^^ This is missing the [DOH!] tag.I believe that John Whidden has been quite successful over the past several years with a 243 Win.
Personally I think bullet technology and advancements in high BC, smaller calibers, put the 30 cal days well behind us. A 6mm 115g .620 BC projectile at 3000 FPS is gonna be tough to beat with any 30 cal case not the mention the beating you're gonna get shooting it. Could you imagine pushing a 210g bullet at 3000 FPS? Several friends had 30-338 rifles. Pull trigger, hear the boom, crawl back up to the firing line after each shot. Think I'll pass.....
It is still the Indian and not the arrow, but the reason the majority of position shooters have never started or given up on the big 30's is recoil. It breaks your position down and you have to rebuild it more. If you watch John Whidden shoot he shoots his 243 just like a smallbore rifle never breaks position doesn't move his right elbow, you couldn't do that with a big 30. John's load in the 243 is a 105gr Hybrid at 3300fps, I'm running the identical load in mine. Got around 2,500 rounds on the first barrel. I also shoot a 280 rem with 180's going at 2,920fps. Yeah the 230's may take the wind better but the extra pounding isn't worth it. The lighter recoiling rifles are easier to shoot, why I built a 223 palma rifle for mid-range and I've even started shooting it as my fullbore rifle with 90gr VLD's for 800-1000. Just less recoil than a 308-155 combo. Minimize recoil you can sustain a better position.
Amen, Hallelujah, pass the offering plate..........

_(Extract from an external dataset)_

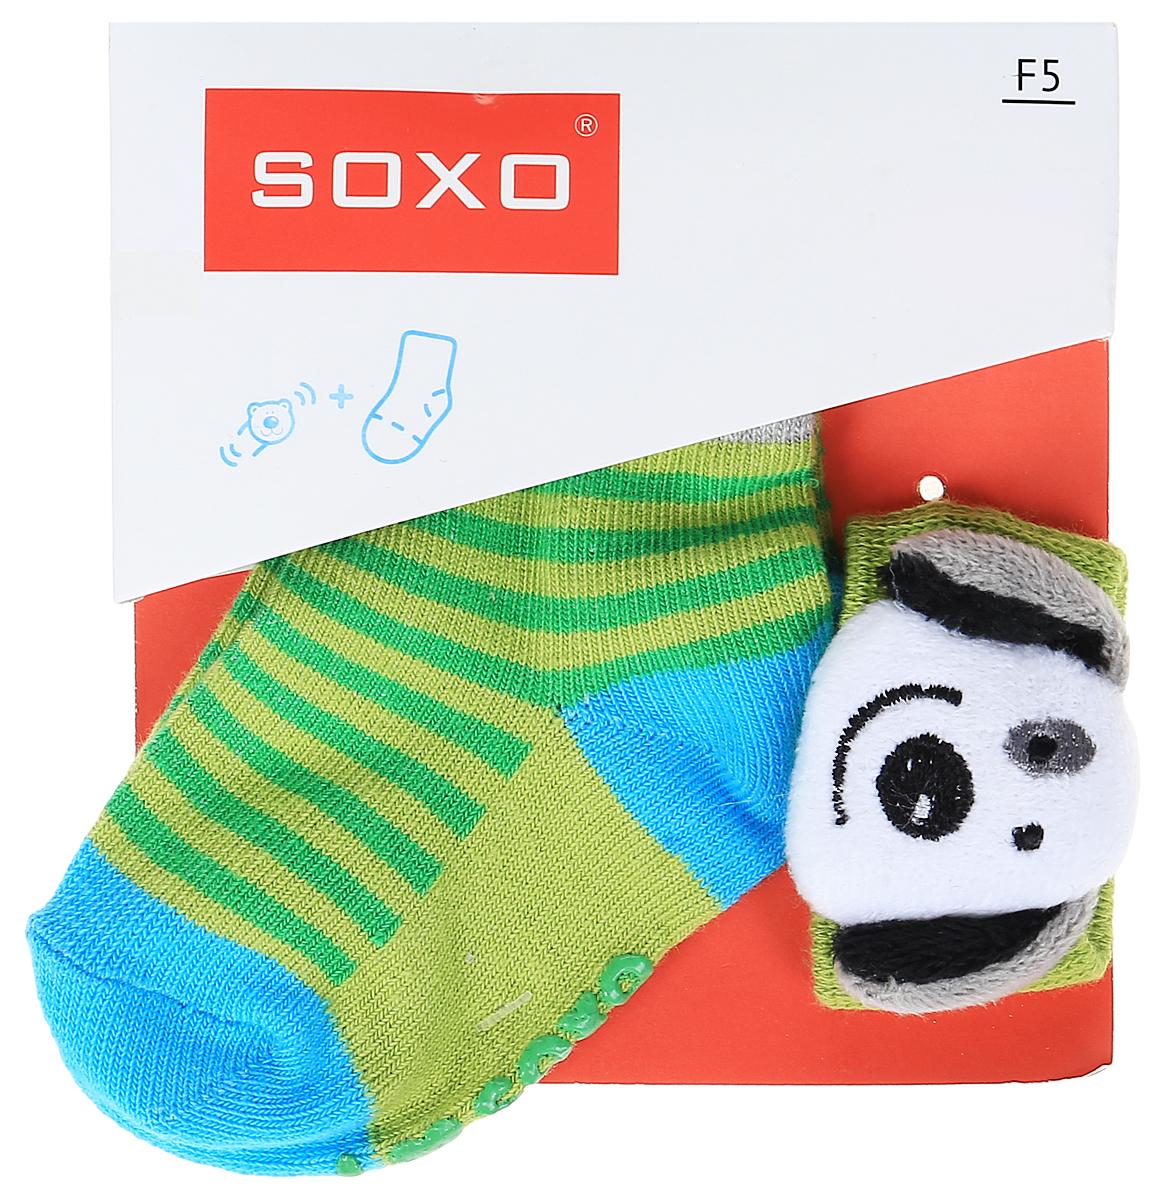 Комплект детский Soxo: носки и повязка на руку, цвет: зеленый, голубой. 68671_1. Размер 16/1868671_1

Exactly the point I was trying to convey. Thank You. Built my first 223 prone gun in 2006 and never looked back. Shot midrange at first and now, on it's 3rd barrel I've shot it out to 1000 prone and frankly the 90 VLD at 2900 FPS isn't giving up much. Maybe need an extra click or 2 on the rear sight compared to 308 palma gun. The big plus is feeling like you've just shot in a smallbore match at days end.